Mercures
Suzanne
"Rencontrons-nous !"
Il y a des festivals essentiels, qui donnent à voir des formes que justement on ne voit nulle part ailleurs et qui nourrissent ainsi la diversité de notre regard, des festivals qui, malgré les conditions imposées par la pandémie, décident de se maintenir au risque de mettre en péril leur équilibre financier déjà précaire. JERK OFF est de ceux-là et depuis 13 ans déjà. Cette année, il s’ouvre sur une proposition du groupe SUZANNE. SUZANNE, participe de cette nouvelle génération de collectifs qui ont bien compris que le modèle économique de la danse contemporaine en France est en train de changer : on ne peut plus créer en comptant sur une diffusion réduite à peau de chagrin dans les lieux consacrés à la danse, il faut se rapprocher de l’art contemporain, investir les galeries, les musées et les centres d’art, en adopter le discours, et multiplier sa présence sur les réseaux sociaux à coup de visuels et vidéo. En ce sens, il faudrait les comparer à (LA)HORDE et leur souhaiter le même destin.
SUZANNE a la particularité de travailler l’unisson, le ballet. C’était déjà le cas dans STATU, c’est encore le cas dans MERCURES. Cette forme qu’ils poussent jusqu’à l’épuisement, leur permet à partir de gestes simples de voir émerger des individualités au moment où des erreurs, des scories ne manquent pas d’advenir. Plutôt que de chercher l’excellence, la prouesse technique d’un mouvement, ils sont en quête d’une humanité qui sourit de ses manquements. Une humanité qui en appelle ici à la rencontre, alors même que la salle entière est masquée, alors même que chaque interprète semble respecter sur scène la distanciation sociale, adéquation parfaite du projet à notre quotidien.
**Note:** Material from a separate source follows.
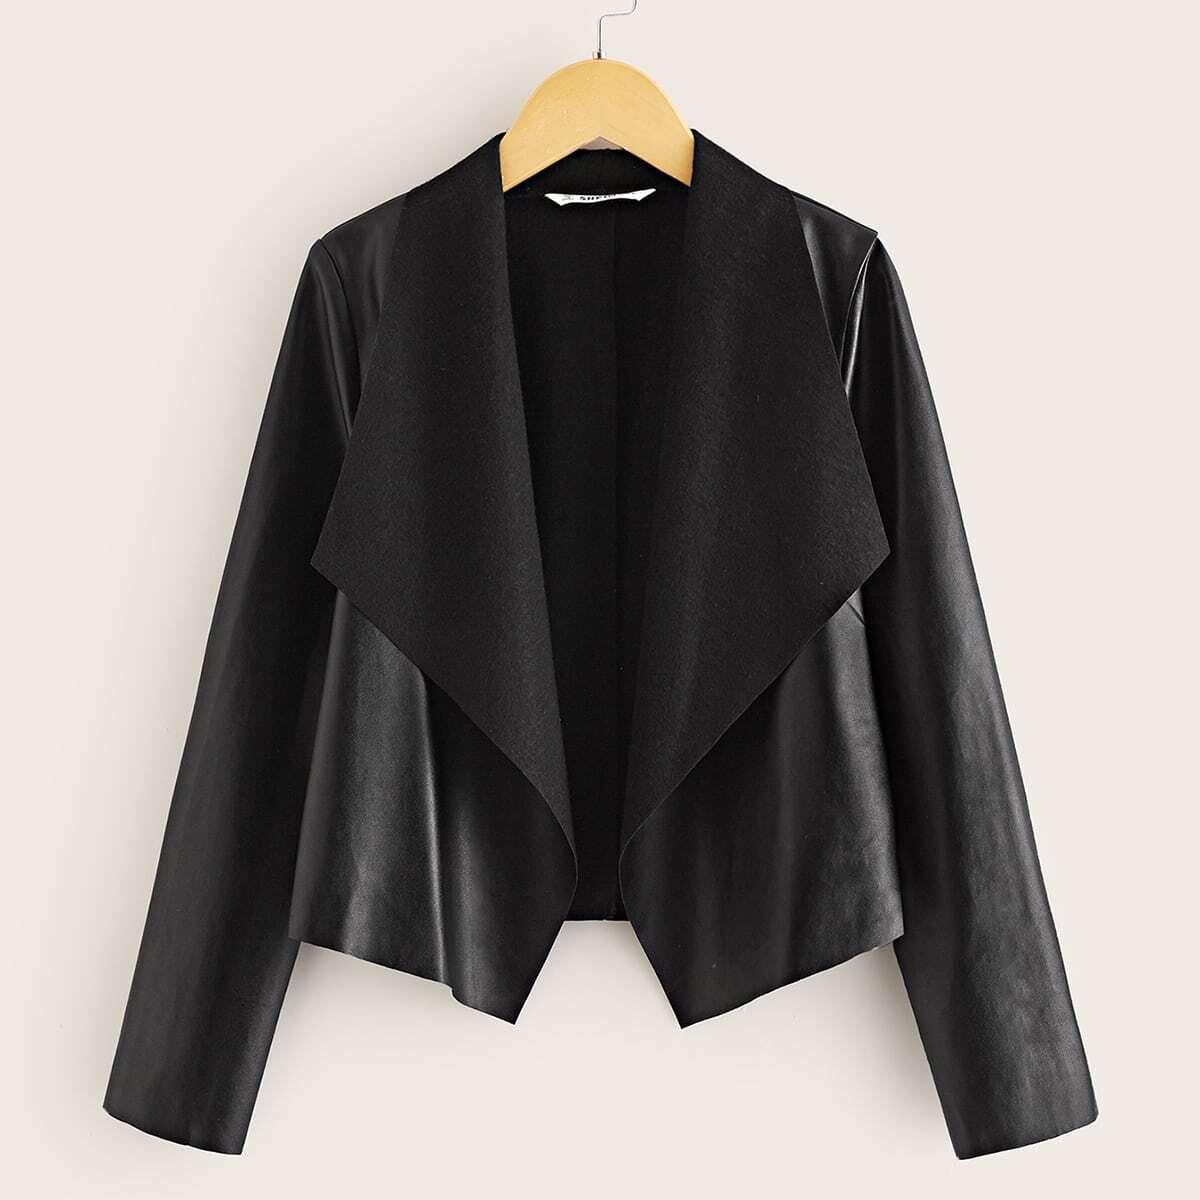 Куртка из искусственной кожи с каскадным вырезом для девочек от SHEIN

L’injonction « rencontrons-nous » scandée durant tout le spectacle se retrouve comme démembrée, lettre par lettre, geste par geste, corps isolés les uns des autres comme des monades leibniziennes, face à un public tapi dans l’ombre, tenu au silence par la convention théâtrale. Tour à tour militaire, mécanique, folklorique ou digne d’un cours de fitness, la danse se complexifie sans jamais parvenir à nous réunir. C’est ce qui pourrait décevoir. Comme un aveu d’échec, laissant un goût d’inachevé. Mais c’est peut-être bien parce que le travail reste à faire, hors plateau. SUZANNE a le mérite de poser des questions, pas forcément d’y répondre, et nous offre ainsi, en proposant des projets qui débordent dans nos vies, la possibilité de n’être pas qu’un spectateur consommateur.